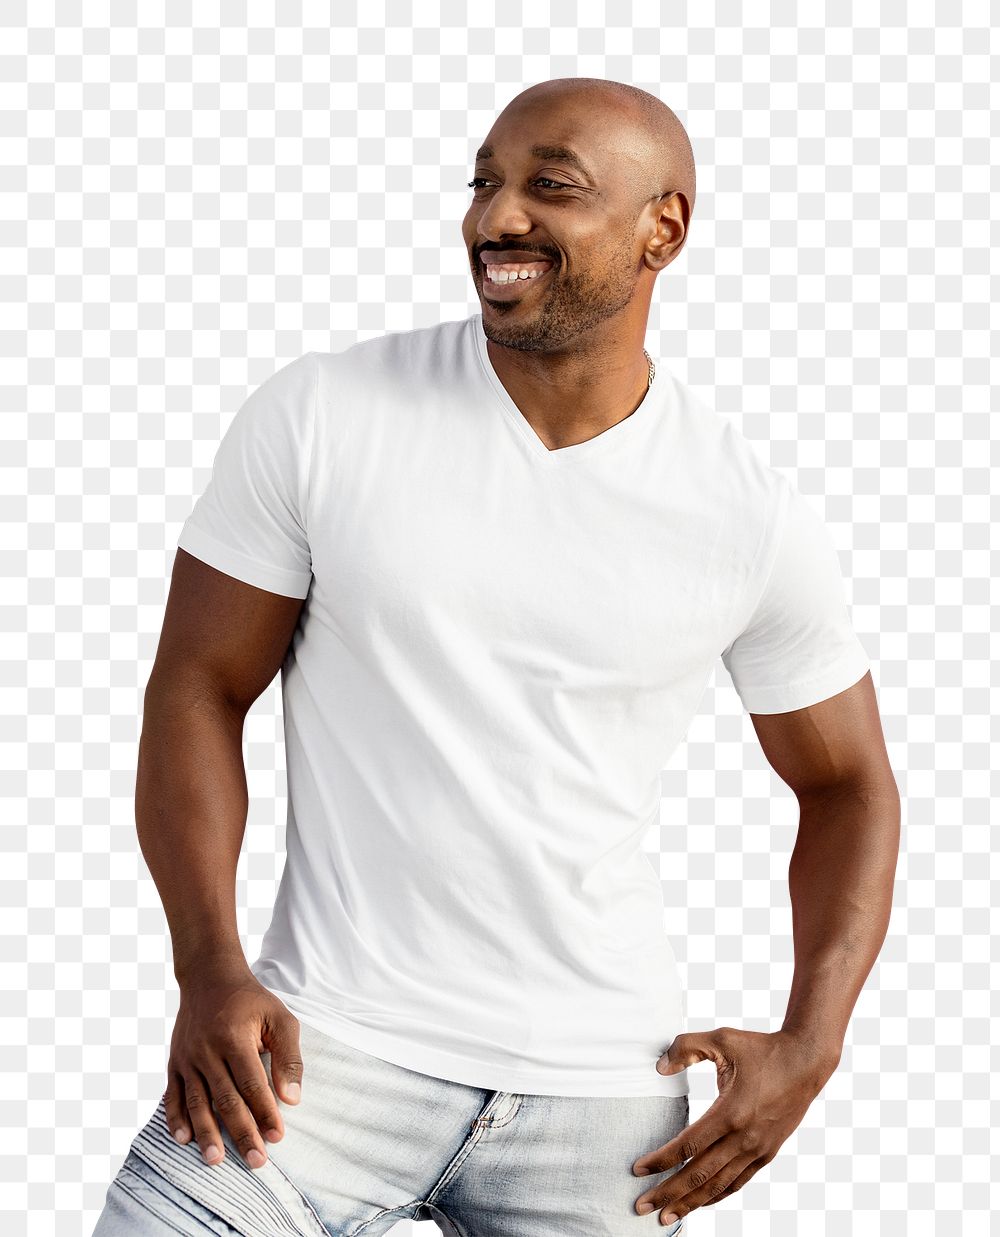 Man png sticker, person cut out, white plain shirt fashion, transparent background
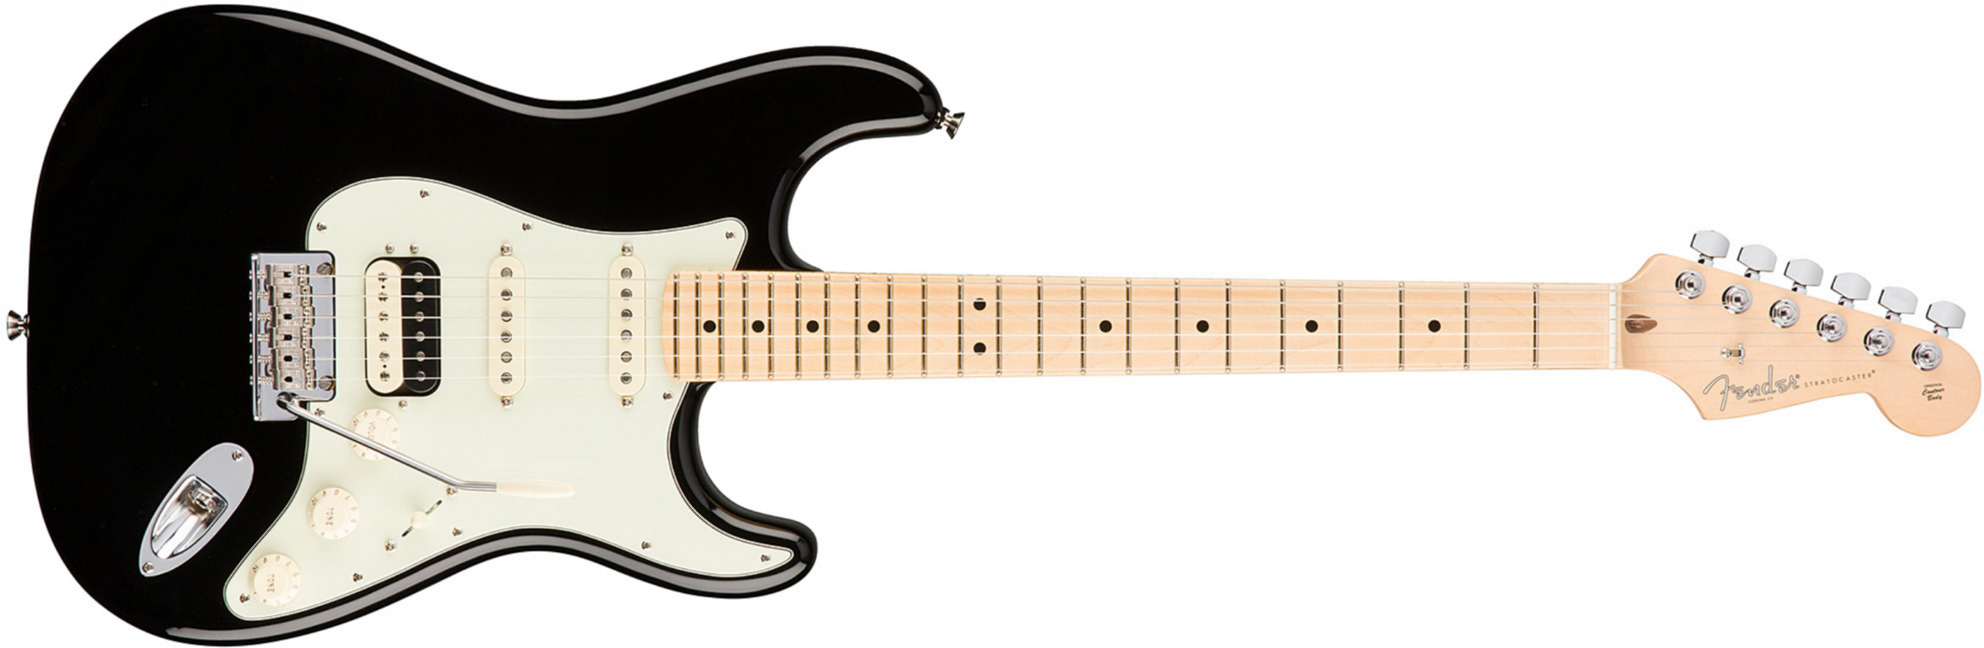 Fender Strat Hss Shawbucker American Professional Usa Mn - Black - Guitare Électrique Forme Str - Main picture
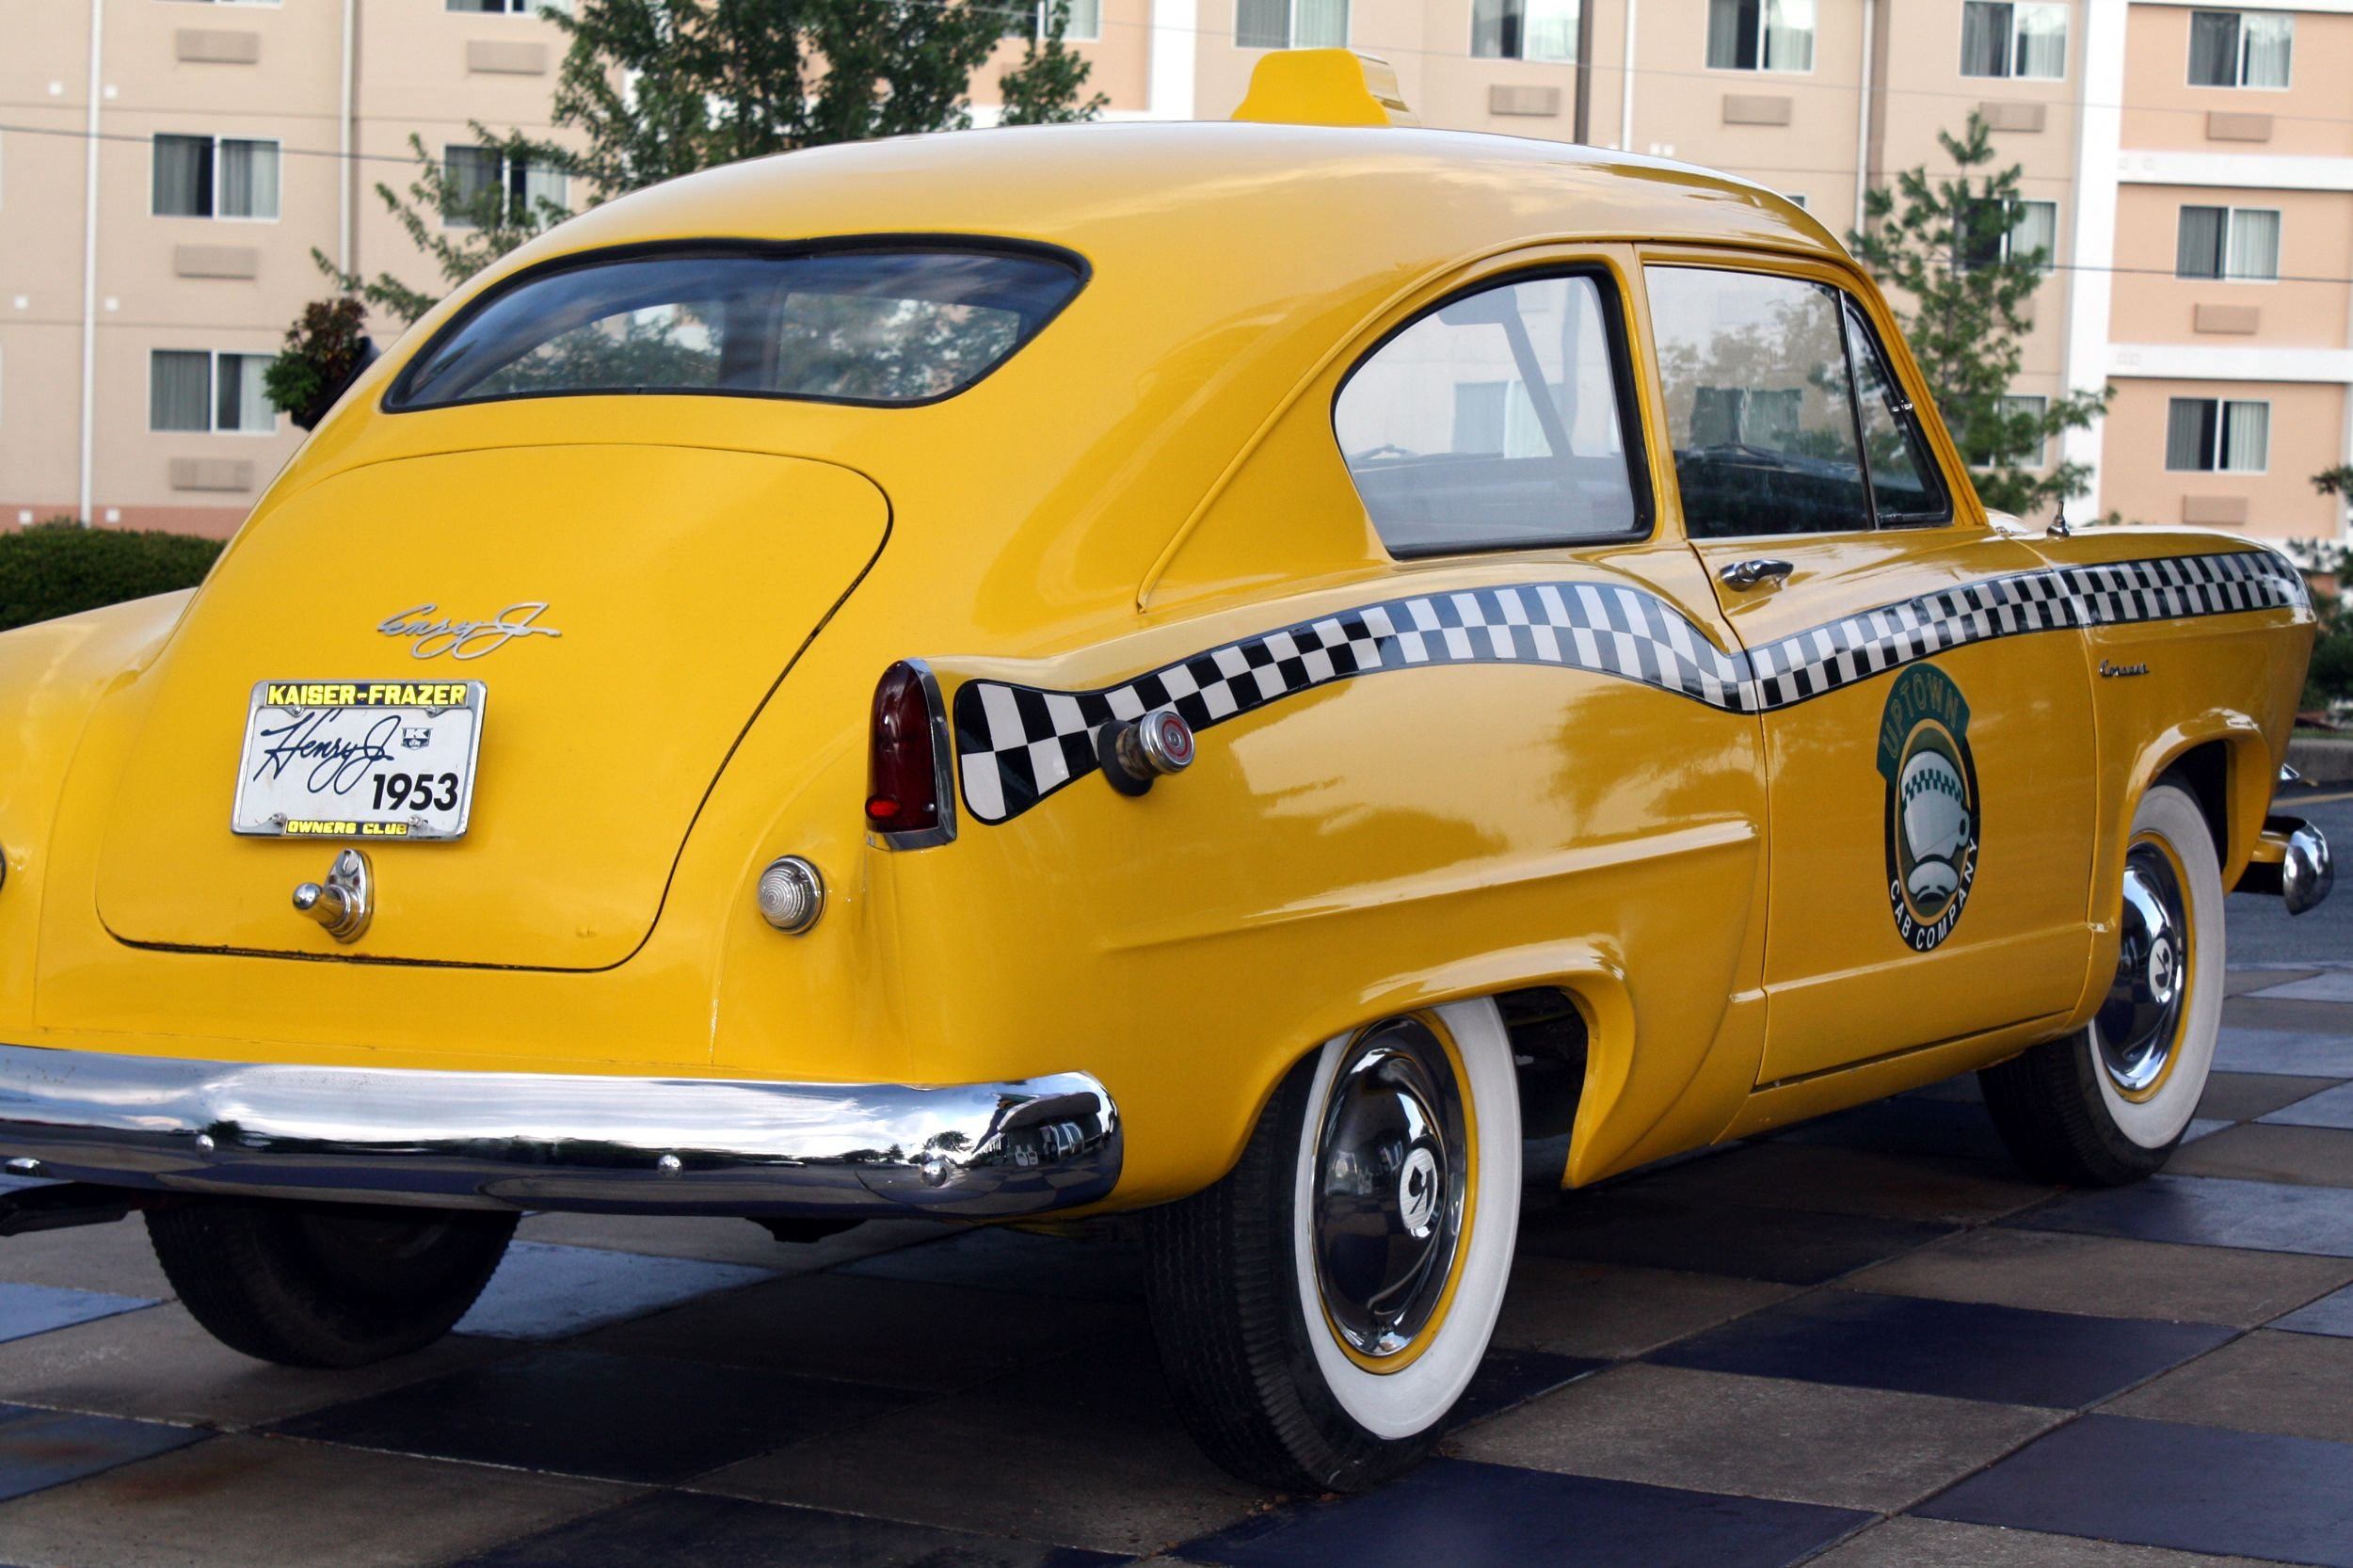 Старый таксопарк. Ford 1950 Yellow Cab Taxi. Еллоу КЭБ такси. Taxi Cab 50s. Yellow Cab 40-s.
———
* **ASSIGNED TASK**
Only the lines from the line containing "Fender Strat Hss" through the end of the material should be retyped, exactly and in full, with no pictures.

* **RESPONSE TO THIS EXERCISE**
 Fender Strat Hss Shawbucker American Professional Usa Mn - Black - Guitare Électrique Forme Str - Main picture
 Старый таксопарк. Ford 1950 Yellow Cab Taxi. Еллоу КЭБ такси. Taxi Cab 50s. Yellow Cab 40-s.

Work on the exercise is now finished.